In answer to her questions, Sylvia confirmed what Fellows had said: that Mrs. Palmer had been Hart’s mistress and he’d bought her the house in High Holborn. “She met him when he was still at university, and her already long in the tooth,” Sylvia said. “Didn’t no one love a young man like Angelina Palmer loved him. She’d do anything for him, piss in her own shoes if he asked her to.” “But he sold her the house later,” Beth said. “I had the idea she was no longer his mistress after that.” “Oh, he gave her the push, all right, and she turned her hand to being a businesswoman, if you take my meaning. It weren’t a bad place when I was there, but me and Mrs. Palmer never rubbed on well. I left as soon as I found better prospects.” She glanced fondly at her diamond rings. “Then it truly is over between them,” Beth said. “It might have been for his part, but never hers. The duke started being high-and-mighty, hobnobbing with the queen. He’d need a young and beautiful lady, not some old biddy he had since he were twenty. I’d have been angry as anything, but Ma Palmer was most understanding. Went on loving him to pieces, though her heart was broke. If we ever said a word against the duke, we got our ears boxed.”
Beth stared thoughtfully at the iron railings of the staircase.
“You say she’d do anything for the duke?”
“Course she would. She’s like a dewy-eyed schoolgirl with him, for all she’s fifty if she’s a day.”
Beth’s thoughts whirled. Could Mrs. Palmer have discovered that Sally wanted to blackmail Hart? Had the madam decided to shut Sally’s mouth permanently? But in that case, why not wait until Ian had gone home and no Mackenzie could be implicated? Or did she not care who swung for the crime, as long as it wasn’t Hart? She itched to find the woman and question her.
“When did you work in the house, Sylvia?”
“Oh, ‘bout six, maybe seven years ago.”
“Did you know Sally Tate?”
“That bitch? Not surprised she got herself murdered.”
“You were there at the time of the murder?” “No, I’d moved on by then. But I heard all about it. Sally had it coming, missus. She strung men along right enough, but she hated ‘em. She could charm all kinds of money out of ‘em. She and Ma Palmer had dustups all the time because Sally didn’t want to share the takings. She had her own lady love, kept talking about the two of ‘em taking a castle in the sky together and living happily ever after.” Katie glared in outrage. “That’s disgusting. M’lady, you shouldn’t be out here listening to such talk.” Sylvia shrugged. “Well, they get tired of men pawing at ‘em, don’t they? Some do, anyway. Not me, I like a handsome gentleman.”

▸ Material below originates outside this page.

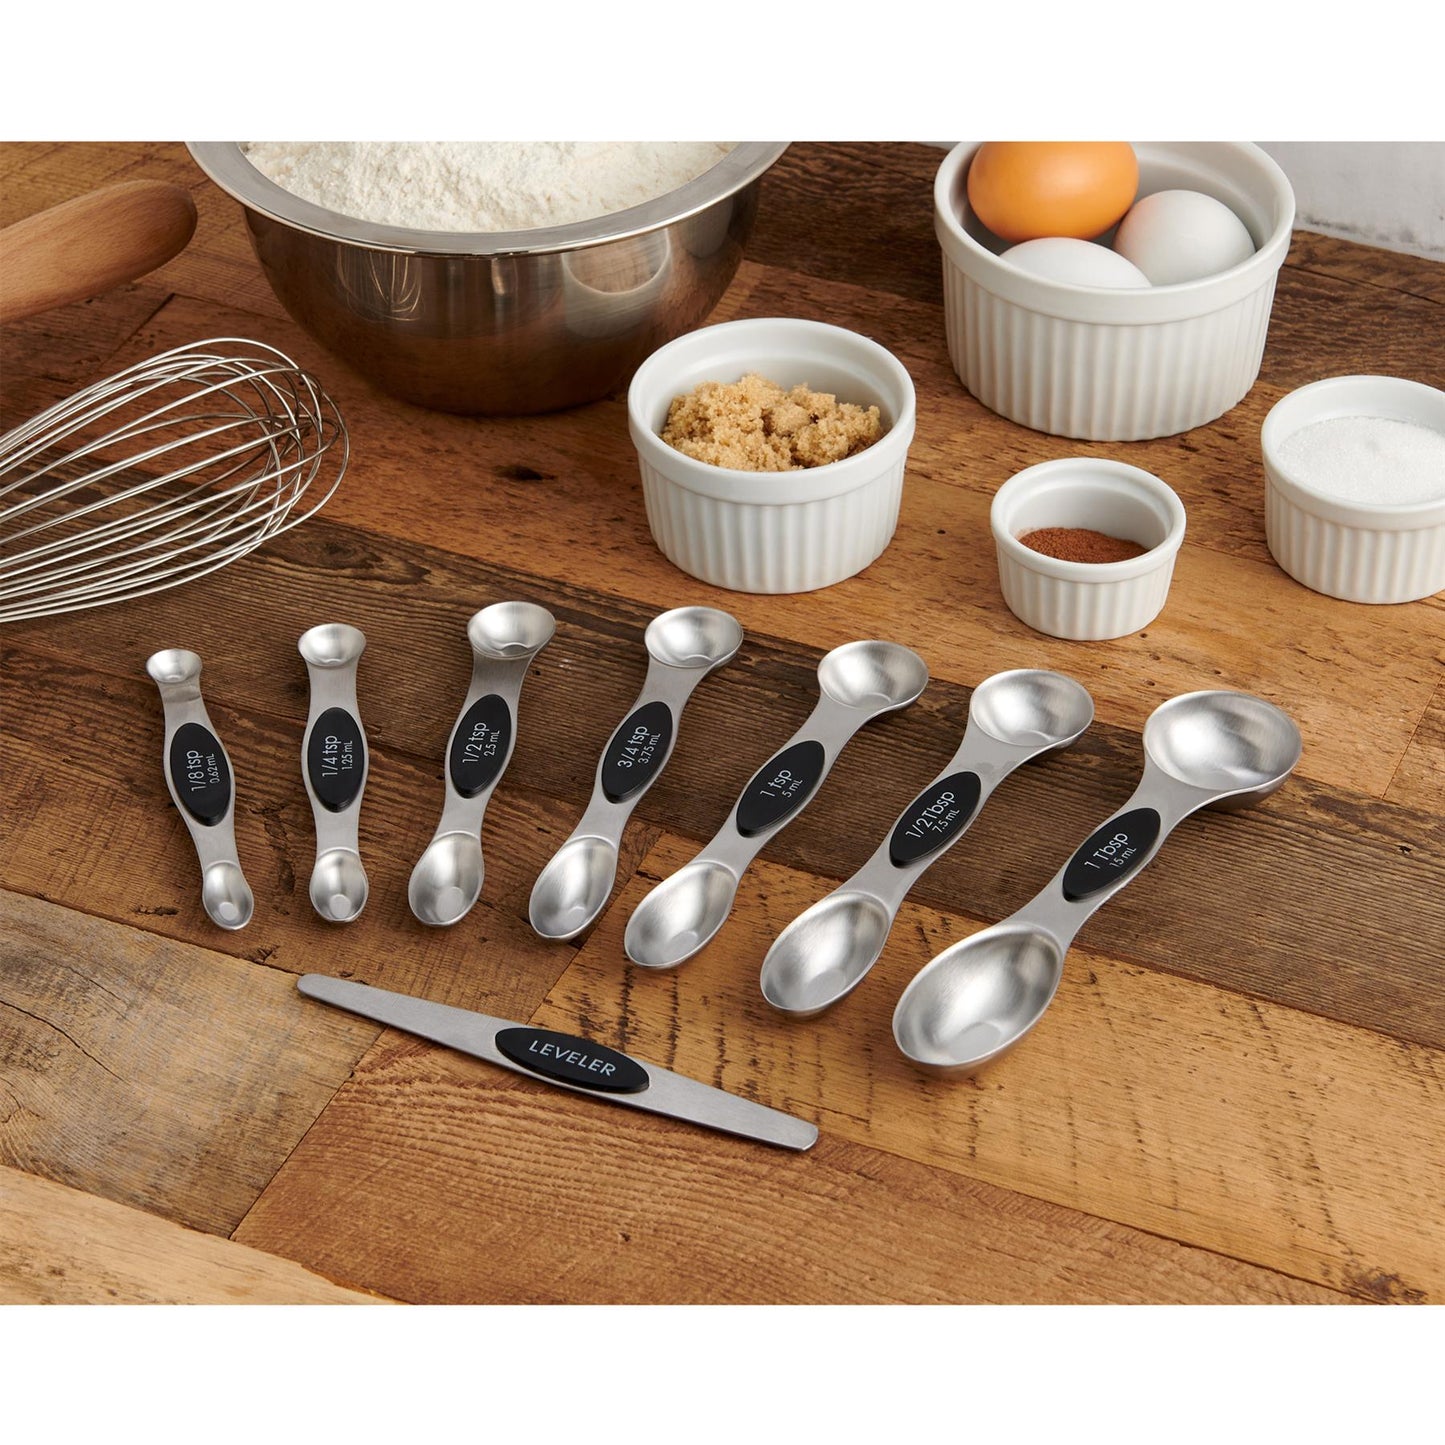 Mrs. Anderson’s Baking Dual-Sided Magnetic Measuring Spoons and Leveler, Heavyweight Stainless Steel, 8-Piece Set

“Never mind that,” Beth said impatiently. “Who was Sally Tate’s lady love? Did you know her?” “It was one of the other girls what lived there. They used to lock themselves in an upstairs bedroom and bill and coo. Sally always vowed she’d take the girl to a cottage somewhere and they’d raise roses and some nonsense. Not bloody likely, was it? Catch any respectable folk in a village letting a house to a couple of hermaphrodites what used to be whores.” Sylvia tapped her lip. “Now, what was her name? Oh, I’ve got it. Lily. ‘Cause Sally was always saying they’d have lilies in the pond on account of her. They were both daft.”

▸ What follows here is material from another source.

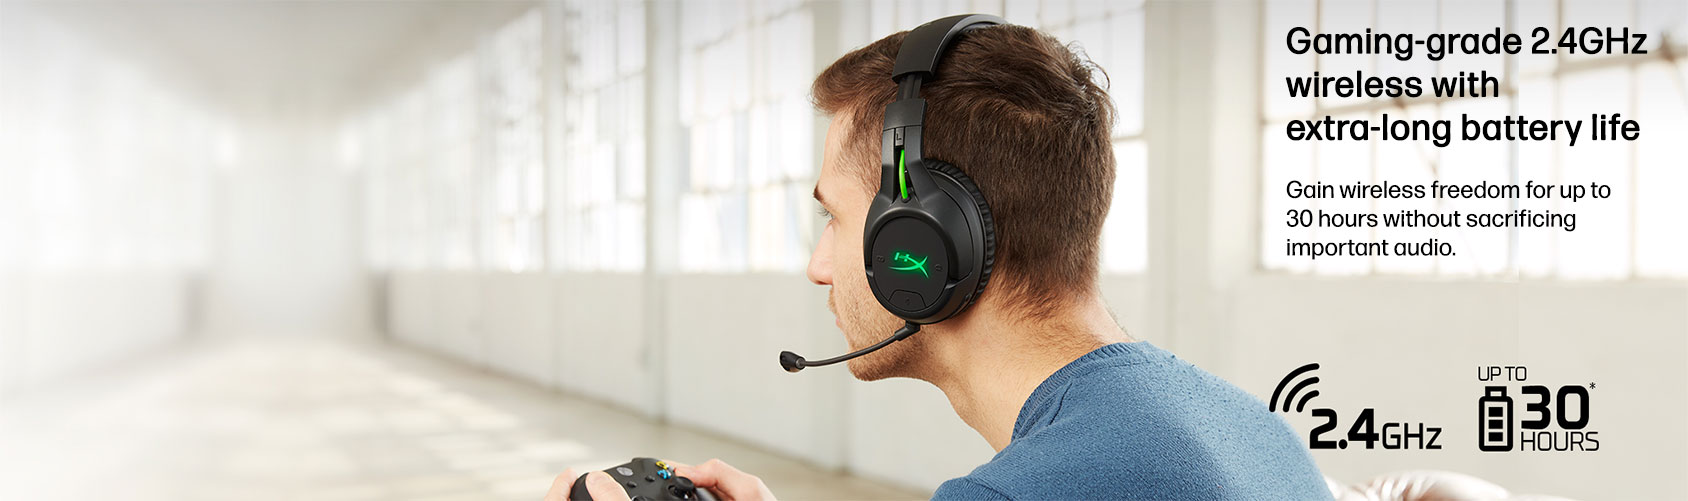 Gaming-grade 2.4GHz wireless with extra-long battery life

“Lily Martin?” Beth asked, her voice sharp.
“That were it. Lily Martin. Now, what about me money, m’lady? I come a long way, it’s damp out here, and this silk will be all ruined.”

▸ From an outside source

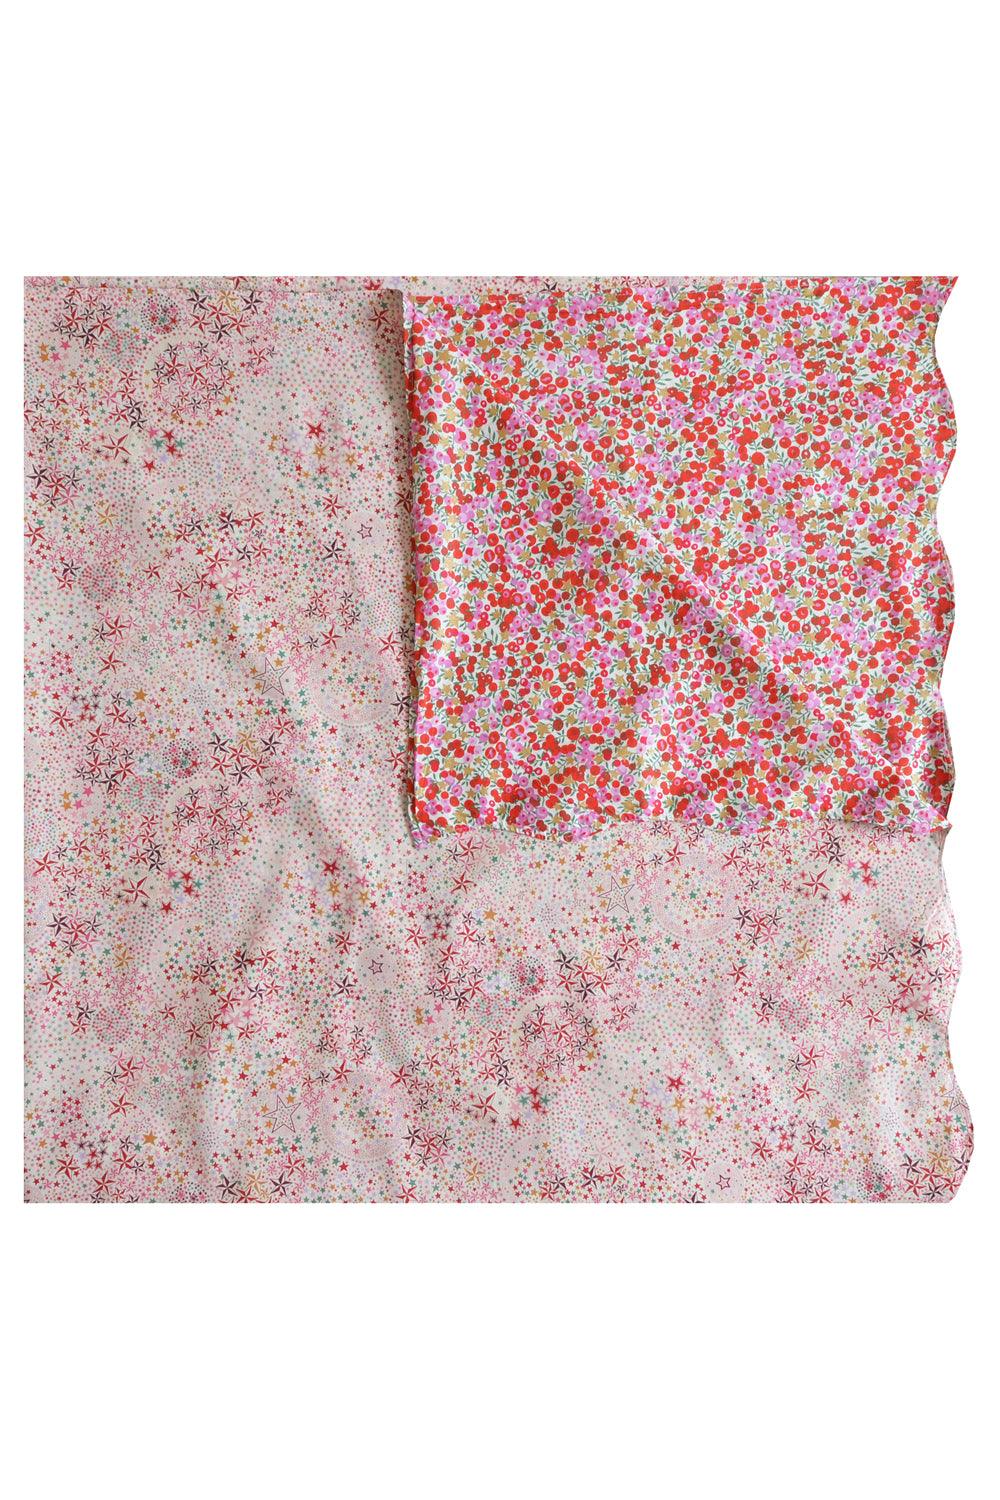 Reversible Wavy Tablecloth made with Liberty Fabric ADELAJDA'S WISH & WILTSHIRE STAR - Coco & Wolf

Ian woke when the little clock on the dresser struck ten. He stretched, his body warm and pliant, and he rolled over to wrap his arms around Beth.
He found an empty bed.’
He opened his eyes in disappointment. But perhaps she’d gone down for something to eat. She’d be hungry. Ian rubbed his hand over his face, trying to stave off the memories of their argument. He’d told her things he’d never meant to tell her, things he hadn’t wanted her to know about himself and his monstrous family. But he’d at least made her understand.